Keep every word of the listing and drop the images when you write it out.

**DATA BLOCK**:

***

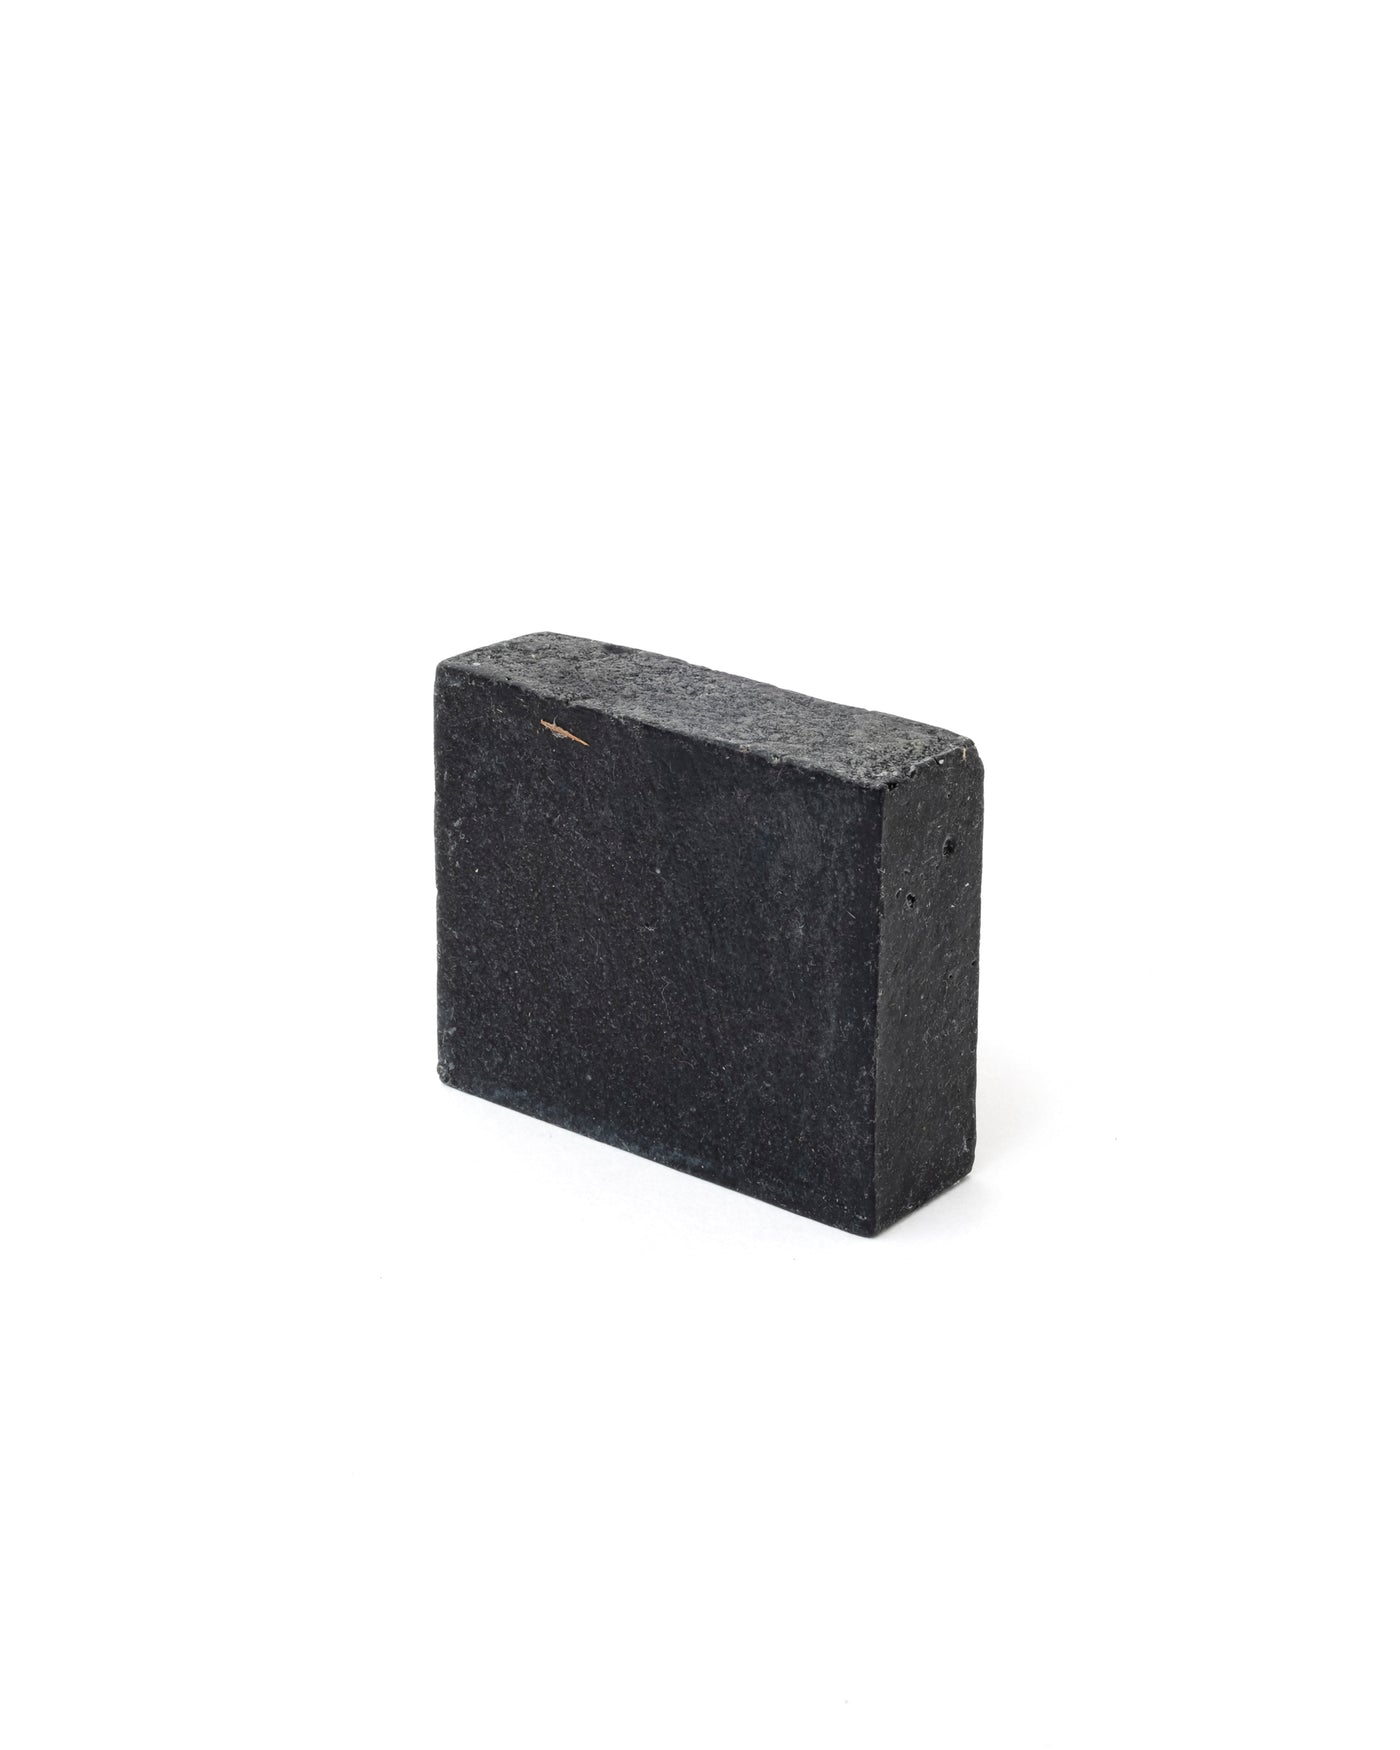 Three By One Activated Charcoal Cleansing Bar for face and body
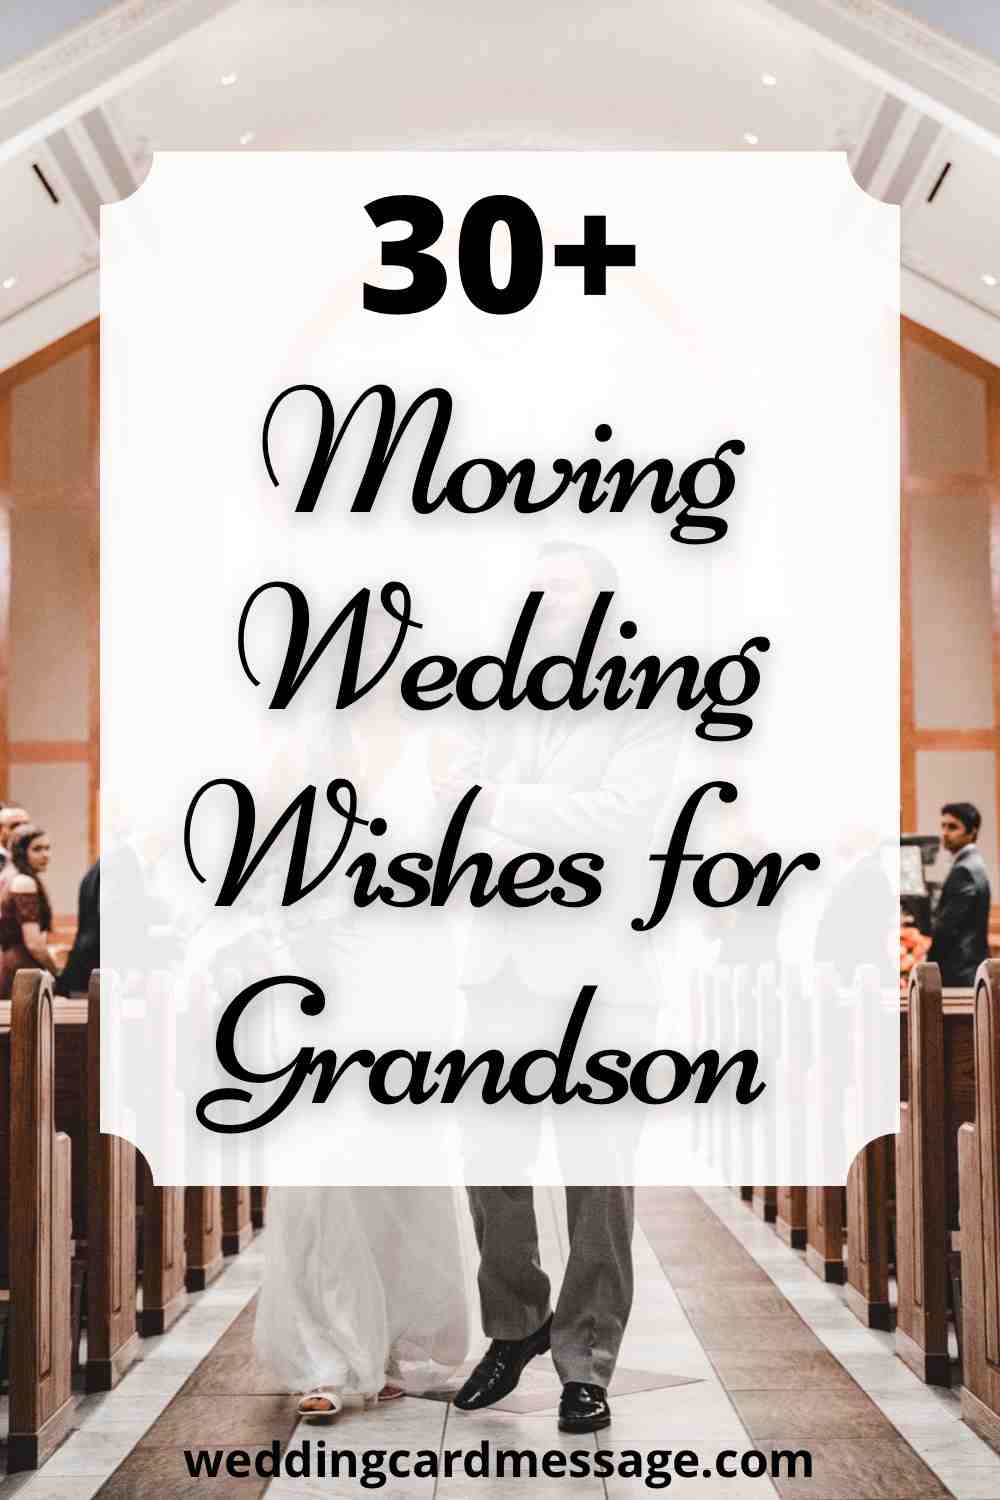 30+ Moving Wedding Wishes for a Grandson - Wedding Card Message
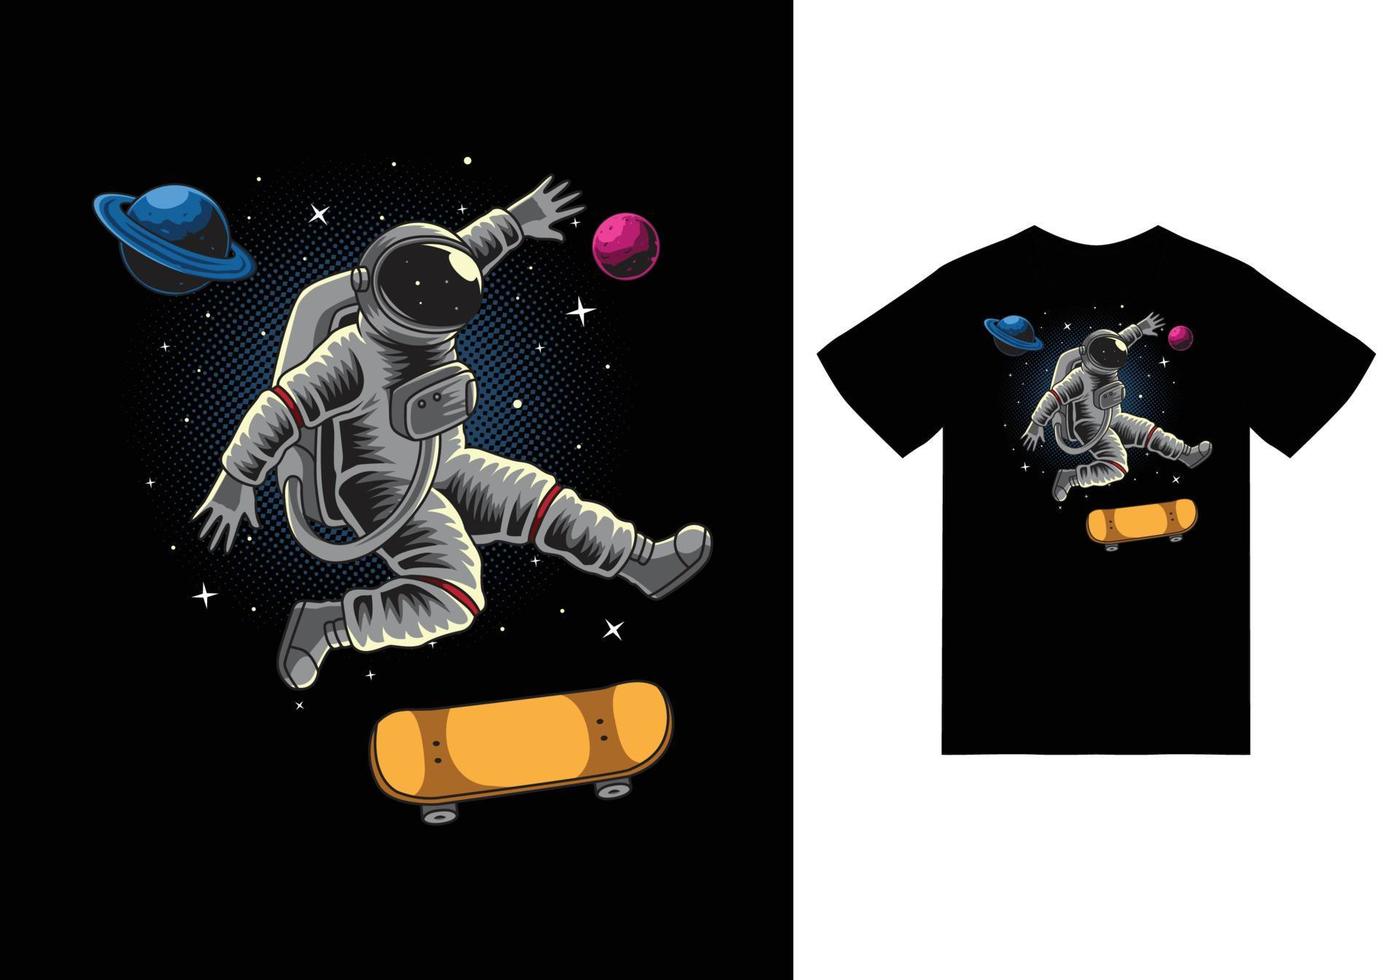 Astronaut playing skateboard in space illustration with tshirt design premium vector

***

**EXPECTED OUTPUT**:
 Three By One Activated Charcoal Cleansing Bar for face and body
 30+ Moving Wedding Wishes for a Grandson - Wedding Card Message
 Astronaut playing skateboard in space illustration with tshirt design premium vector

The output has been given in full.